Stephen A. Douglas eBook

This eBook from the Gutenberg Project consists of approximately 492 pages of information about Stephen A. Douglas.

Far different was the election of members of the territorial legislature in the following spring.  On all hands it was agreed that this legislature would determine whether Kansas should be slave or free soil.  It was regrettable that Governor Reeder postponed the taking of the census until February, since by mid-winter many settlers, who had staked their claims, returned home for the cold season, intending to return with their families in the early spring.  This again was a characteristic feature of frontier history.[537] In March, the governor issued his proclamation of election, giving only three weeks’ notice.  Of those who had returned home, only residents of Missouri and Iowa were able to participate in the election of March 30th, by hastily recrossing into Kansas.  Governor Reeder did his best to guard against fraud.  In his instructions to the judges of election, he warned them that a voter must be “an actual resident”; that is, “must have commenced an active inhabitancy, which he actually intends to continue permanently, and must have made the Territory his dwelling place to the exclusion of any other home."[538] Still, it was not to be expected that bona fide residents could be easily ascertained in communities which had sprung up like mushrooms.  A hastily constructed shack served all the purposes of the would-be voter; and, in last analysis, judges of elections had to rest content with declarations of intentions.  Those who crossed into Kansas after the governor’s proclamation and endeavored to continue actual inhabitancy, were with difficulty distinguished from those who now crossed for the first time, under a similar pretext.  As Douglas subsequently contended with much force, the number of votes cast in excess of the census returns did not in itself prove wholesale fraud.[539]

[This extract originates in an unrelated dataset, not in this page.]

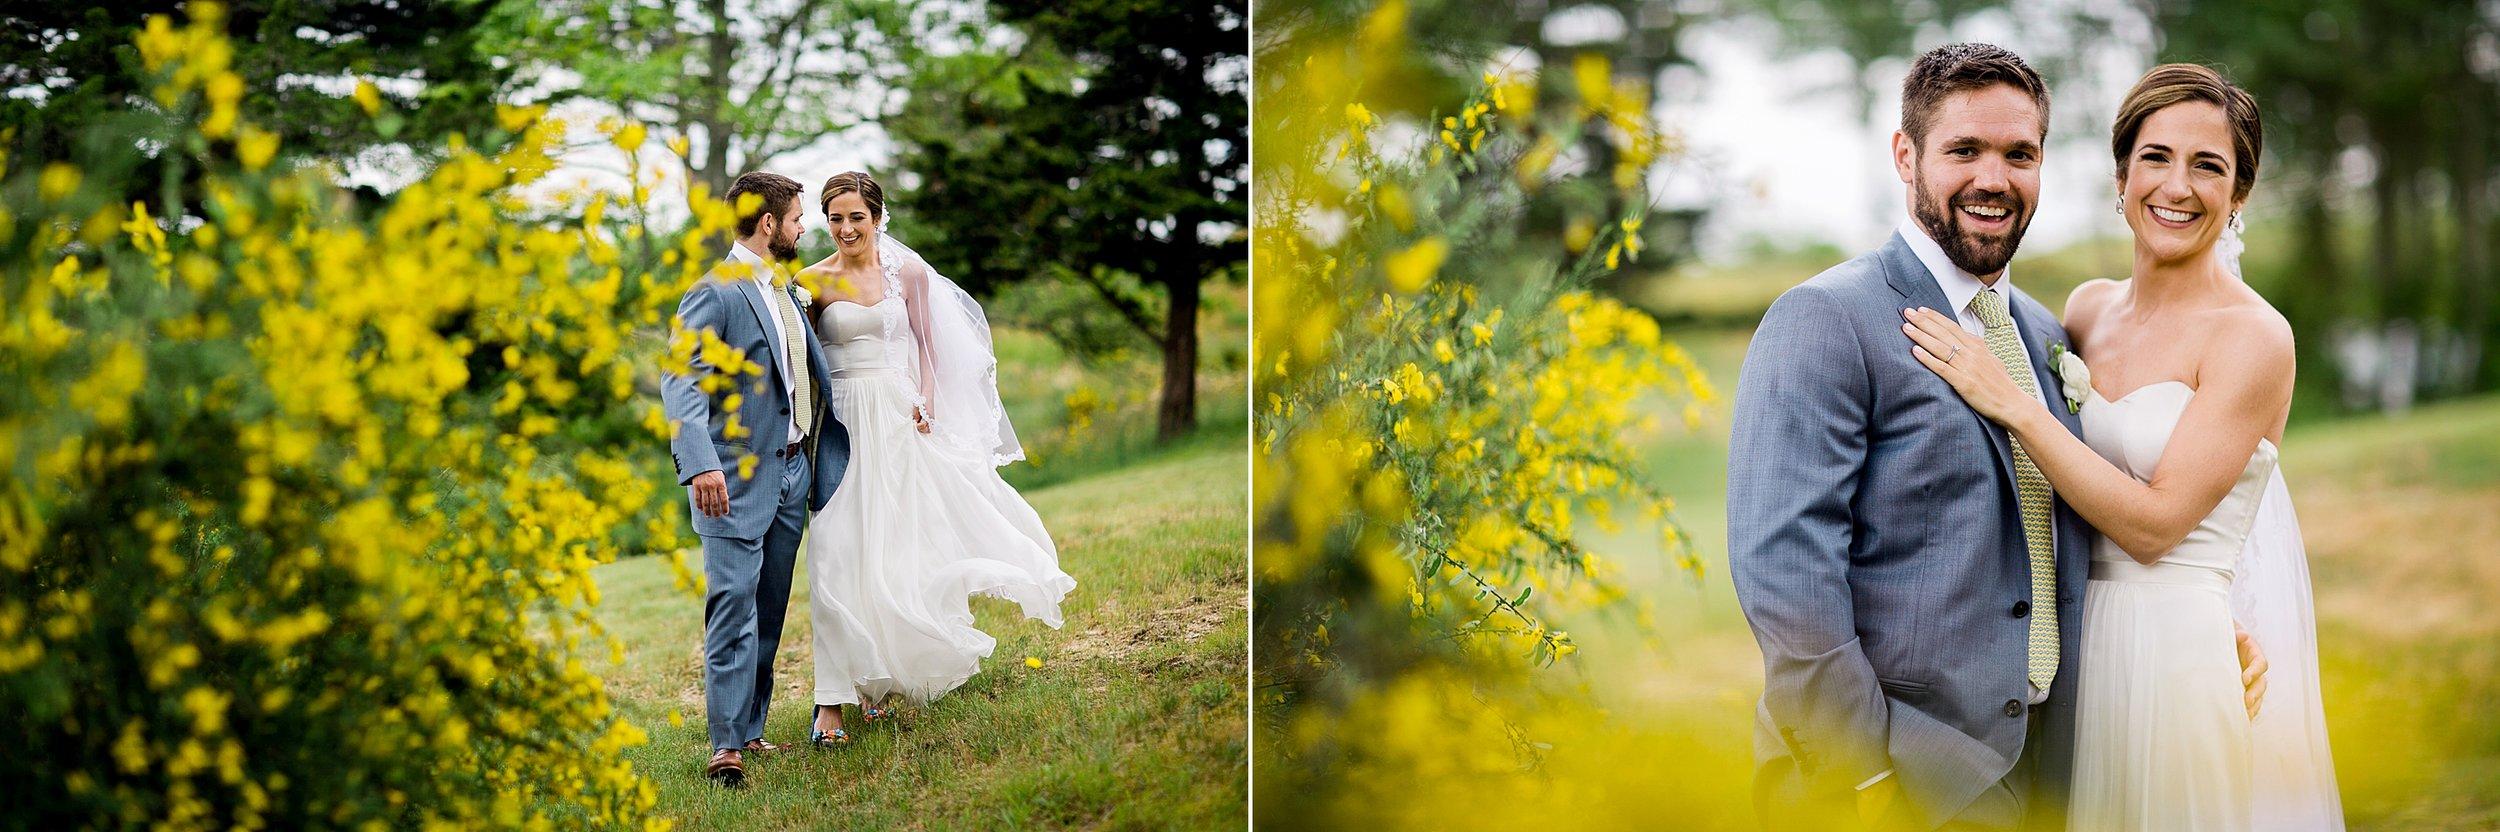 022 los angeles wedding photographer todd danforth photography cape cod.jpg

Under such liability to deception and misjudgment, the territorial authorities held the election which was likely to determine the status of Kansas with respect to slavery.  Both parties were playing for great stakes; passion and violence were the almost inevitable outcome.  Both parties contained desperadoes, who invariably come to the surface in the general mixing which occurs on the frontier.  Both parties committed frauds at the polls.  But the most serious gravamina have been laid at the door of those Blue Lodges of Missouri which deliberately sought to secure the election of pro-slavery candidates by fair means or foul.  The people of western Missouri had come to believe that the fate of slavery in their own Commonwealth hinged upon the future of Kansas.  It was commonly believed that after Kansas, Missouri would be abolitionized.  It was, therefore, with the fierce, unreasoning energy of defenders of their own institutions, that Blue Lodges organized their crusade for Kansas.[540] On election day armed bands of Missourians crossed into Kansas and polled a heavy vote for the pro-slavery candidates, in the teeth of indignant remonstrances.[541]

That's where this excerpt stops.